The last of the bandits who'd harried the crawlers on foot was now leaping down into the channel, and to safety. The snipers continued to
plink
their shots against the crawlers' armor, but even they were retreating one by one from their entrenched positions to the safety of the gully's floor.
“That's the last of them,” Zhao said in a voice scarcely above a whisper. Perhaps he, too, was afraid that the convoy might overhear, and spoil the surprise that awaited them. “Won't be long now.”
As if in response, there came a low hissing sound from the direction of the ring of crawlers, as the first of the detonators began to strike alight.
“Get down,” Huang said urgently, sliding back down the cliff wall, motioning to the few bandits on either side who had chanced a peek over the ledge.

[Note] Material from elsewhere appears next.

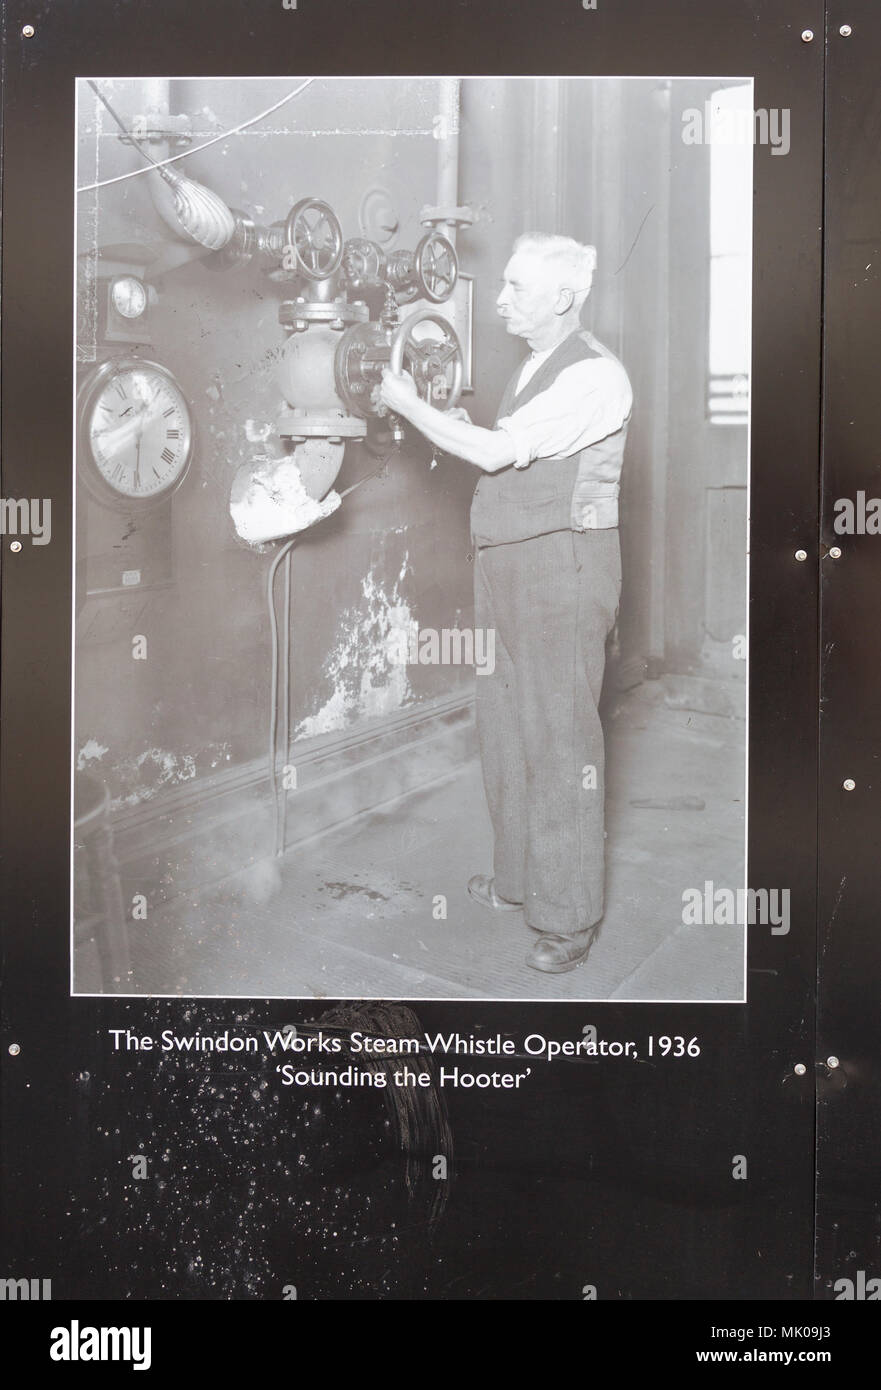 Public display del vecchio e storico immagini sulle opere di GWR, Swindon, Wiltshire, Inghilterra, Regno Unito fischio del vapore operatore 'Sounding l' avvisatore acustico Foto Stock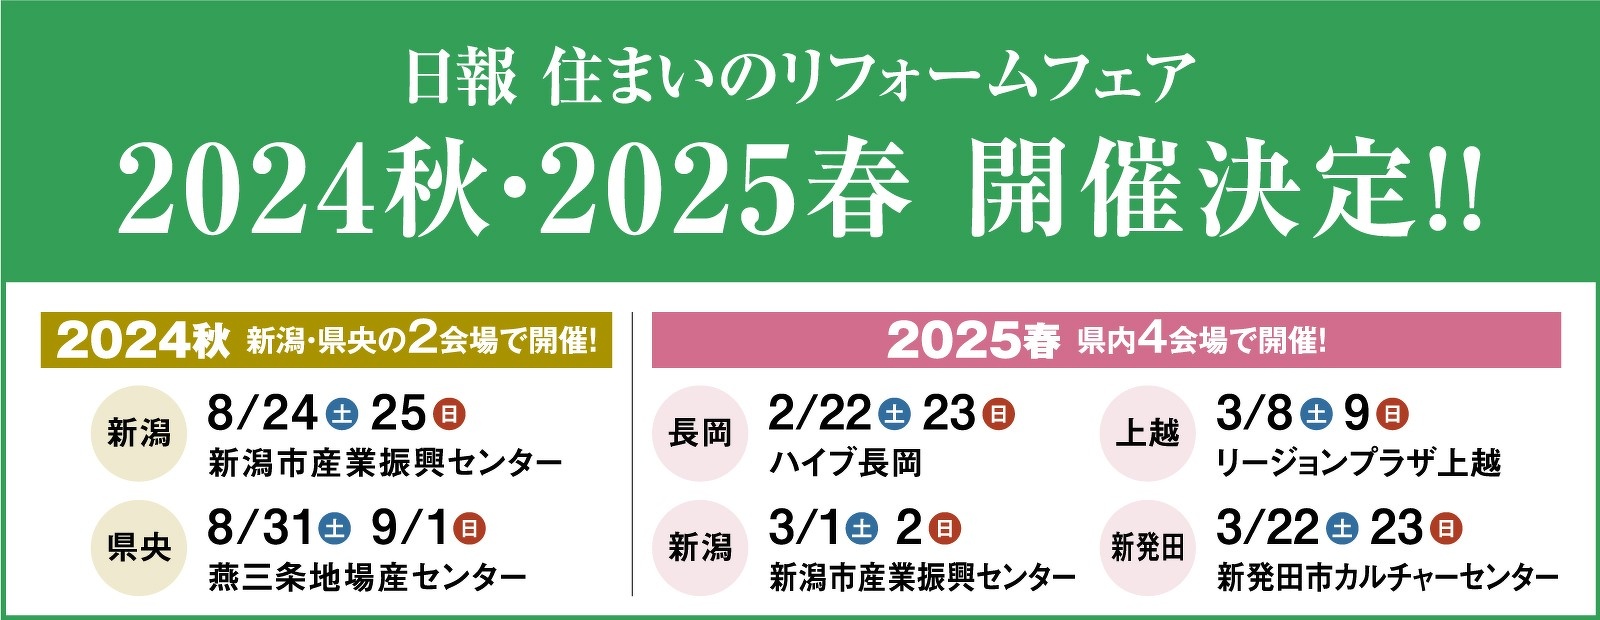 日報住まいのリフォームフェア2024秋・2025春開催決定!!

Zhao hunched down beside him and covered his ears. Huang, remembering Zhao's long experience with these kinds of explosives down in the mine shafts, followed suit, squeezing his eyes to narrow slits for good measure.
They
felt
the explosions as much as heard them.
And then it was over.
 
Even at this distance, the bandits were pelted with a rain of red sand and shards of rock, even splinters of metal sheared from the crawlers themselves. Luckily few of those in the shelter of the channel received any noticeable injuries from the shrapnel, and these were bandaged easily enough. Huang just tried not to think too long about those who had been inside the crawlers and the risks to
them
.
When the rain of dust and debris slowed, and the cloud kicked up by the half dozen explosions cleared, Zhao and Huang chanced a look back over the channel's edge to see how well the plan had worked.
Huang's plan, it transpired, had outperformed anyone's expectations. It was just as well that there wasn't much of a market for the goods and materiel carried by the convoy, because little of it survived the blast. For that matter, the crawlers themselves scarcely survived the blast, with only twisted shapes of blackened metal and smoking ruin remaining where the sickly yellowish green crawlers had been only moments before.
The explosives had been plunder the bandits had won from another convoy some time before, but Zhao and the others had seen little use for the stuff before now. They had worked in mines, after all, and having been miners, they would always
be
miners in some matters. To them, explosives were of use in clearing rock, in blasting passages in the skin of the planet itself, and little else besides. Of course any number of them had lost fingers or limbs, or fidelity of hearing, or even loved ones to unintentional blasts, but they still did not think of explosives as potential weapons.